Dakarmidi- Qu’est-ce qui distingue l’homme de l’animal ? Question terrible, complexe et insoluble tant l’immédiat, l’apparence ou l’évidence devient un danger pour la pensée libre et soutenue.
Si nous voulons saisir l’humaine condition sous un jour nouveau, il serait judicieux de l’appréhender sous la grille psychologique. Ce qui donne tout son sens à la problématique de la peur. Qu’est-ce que la peur ? Qui éprouve ce sentiment qui rend coi ? Peut-on traverser l’existence sans être habité par ce sentiment ?
Au regard d’une approche historique, nous pouvons dire que la peur a l’âge de l’humanité. Si elle peut avoir comme déclinaison l’anxiété, le désarroi, le sentiment d’abandon, le pressentiment d’une menace qui pourrait mettre notre vie en danger, c’est qu’elle tient plus au psychisme qu’à une quelconque réalité physique. La conscience de sa présence au monde laisse édifier ce saisissement que quelque chose plane sur nous. Suis-je le maître de moi-même dans cet immense espace dont le silence me trouble ? La peur a une dimension métaphysique. Blaise Pascal n’est pas loin de la problématique en parlant de frayeur.
Avant d’aller plus loin, disons que la peur est un sentiment comme la joie. Elle est de l’ordre de l’impalpable, de l’insaisissable.
Ma peur révèle le sens que j’ai de l’écart entre ce qui m’englobe et moi-même. Donc la peur n’est pas un non-sens, un vide psychologique. Elle a tout d’un contenant plein de son contenu. De par sa plénitude dans les entrailles de l’homme, la peur devient un état qui, loin de rabaisser l’homme, l’élève dans ce qu’il est : un être fragile.
C’est l’homme qui a peur sinon il n’y a rien est l’expression pleine de sens de l’artiste comédien du nom de Gohou. La peur est humaine.
La fragilité se décline dans l’absence de mot pour nommer la chose qui fait peur dans l’instant où elle se dévoile à nous ne serait-ce que le temps fugace d’un clignement de l’œil. Il y a dans la peur un sentiment de désespoir. La métaphore de l’engloutissement sans possibilité de se sauver est ce qui rend mieux compte de l’effroi qui est l’autre nom de la peur.

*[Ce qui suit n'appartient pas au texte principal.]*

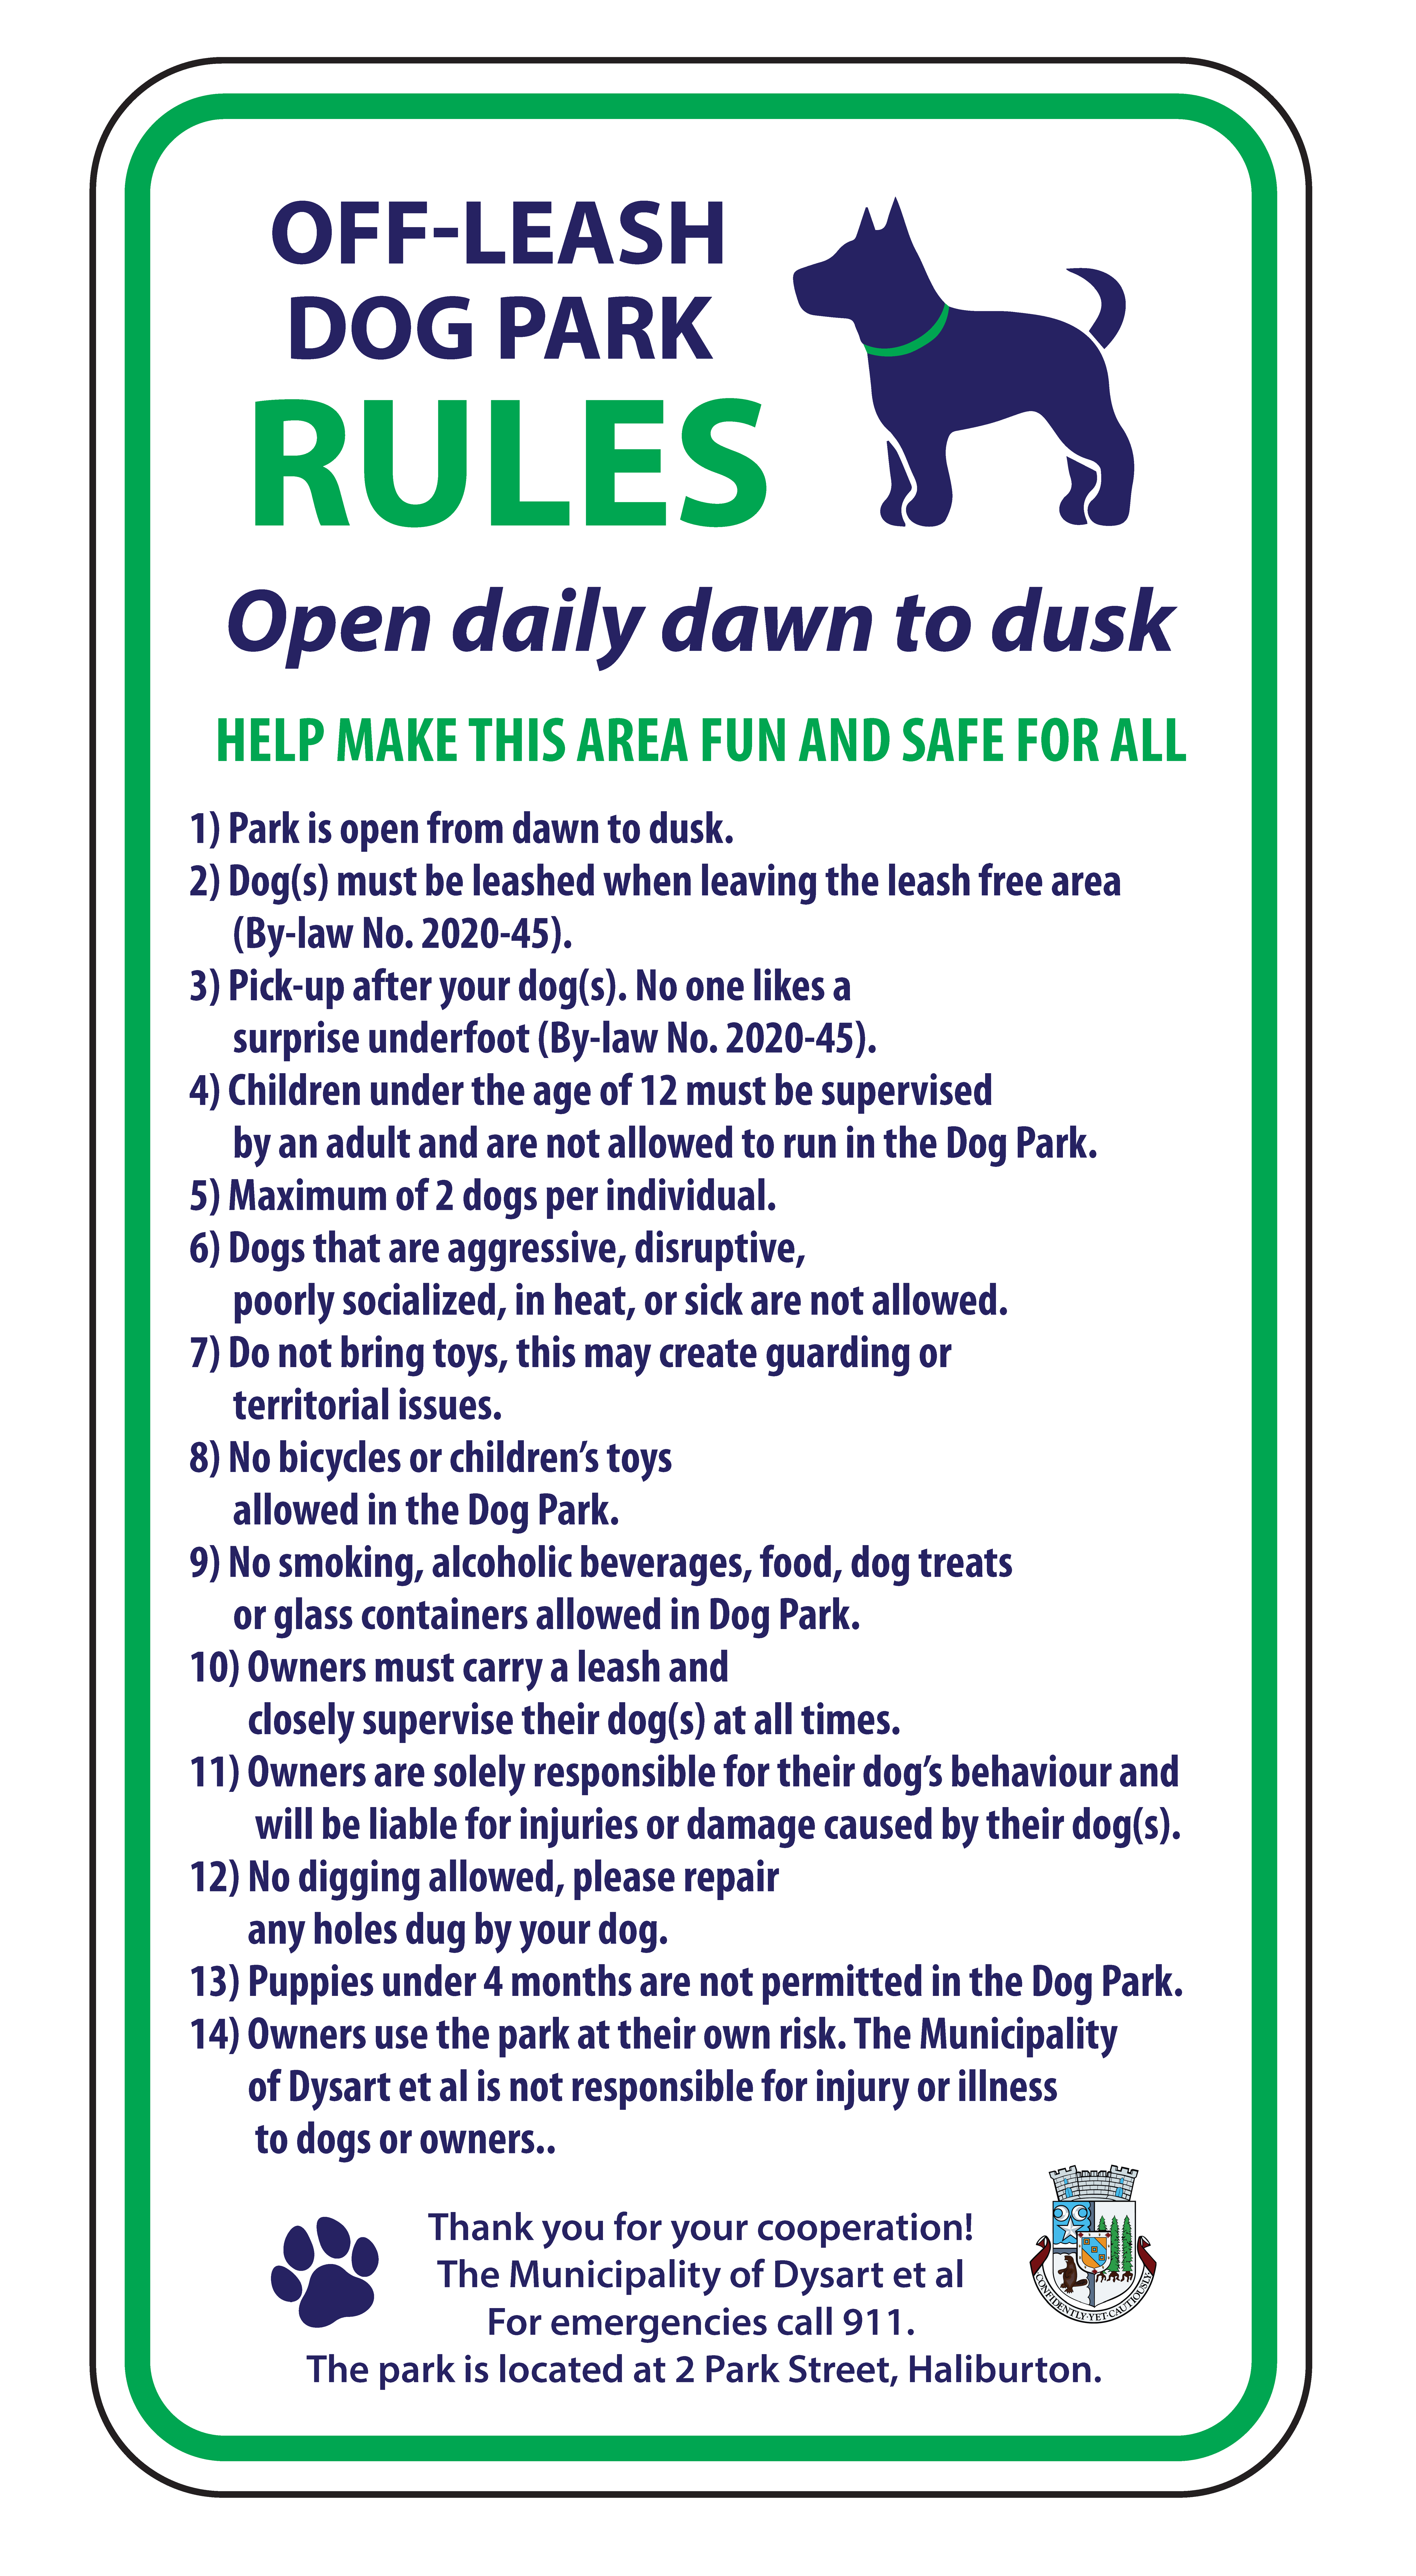 Off-leash Dog Park Rules Open daily dawn to dusk HELP MAKE THIS AREA FUN AND SAFE FOR ALL 1) Park is open from dawn to dusk. 2) Dog(s) must be leashed when leaving the leash free area (By-law No. 2020-45). 3) Pick-up after your dog(s). No one likes a surprise underfoot (By-law No. 2020-45). 4) Children under the age of 12 must be supervised by an adult and are not allowed to run in the Dog Park. 5) Maximum of 2 dogs per individual. 6) Dogs that are aggressive, disruptive, poorly socialized, in heat, or sick are not allowed.  7) Do not bring toys, this may create guarding or territorial issues. 8) No bicycles or children’s toys allowed in the Dog Park. 9) No smoking, alcoholic beverages, food, dog treats or glass containers allowed in Dog Park. 10) Owners must carry a leash and closely supervise their dog(s) at all times. 11) Owners are solely responsible for their dog’s behaviour and will be liable for injuries or damage caused by their dog(s). 12) No digging allowed, please repair any holes dug by your dog. 13) Puppies under 4 months are not permitted in the Dog Park. 14) Owners use the park at their own risk. The Municipality of Dysart et al is not responsible for injury or illness to dogs or owners.  Thank you for your cooperation! The Municipality of Dysart et al For emergencies call 911. The park is located at 2 Park Street, Haliburton.

Javert et Jean Valjean sont deux figures que Victor Hugo a su distribuer de part et d’autre de la précaire zone où s’exprime une partie de notre humanité : la conscience.
Qui se surprend à penser est déjà saisi par ce qui le dépasse. La nuit est sombre et la terreur y dicte sa loi. Mais le jour aussi n’est pas innocent de toute frayeur. Dans l’obscurité comme sous la lumière, l’homme est habité par quelque chose de profond.
Avec tout ce que nous venons de dire, l’homme ne peut pas vivre dans un présent où il revisite le passé et appréhende l’avenir sans connaitre ce sentiment qui peut prendre autant de couleurs que l’appareil auditif en prend pour les sonorités.
Qu’en est-il de la peur de soi et de l’avenir ? Nous pourrons y revenir très prochainement.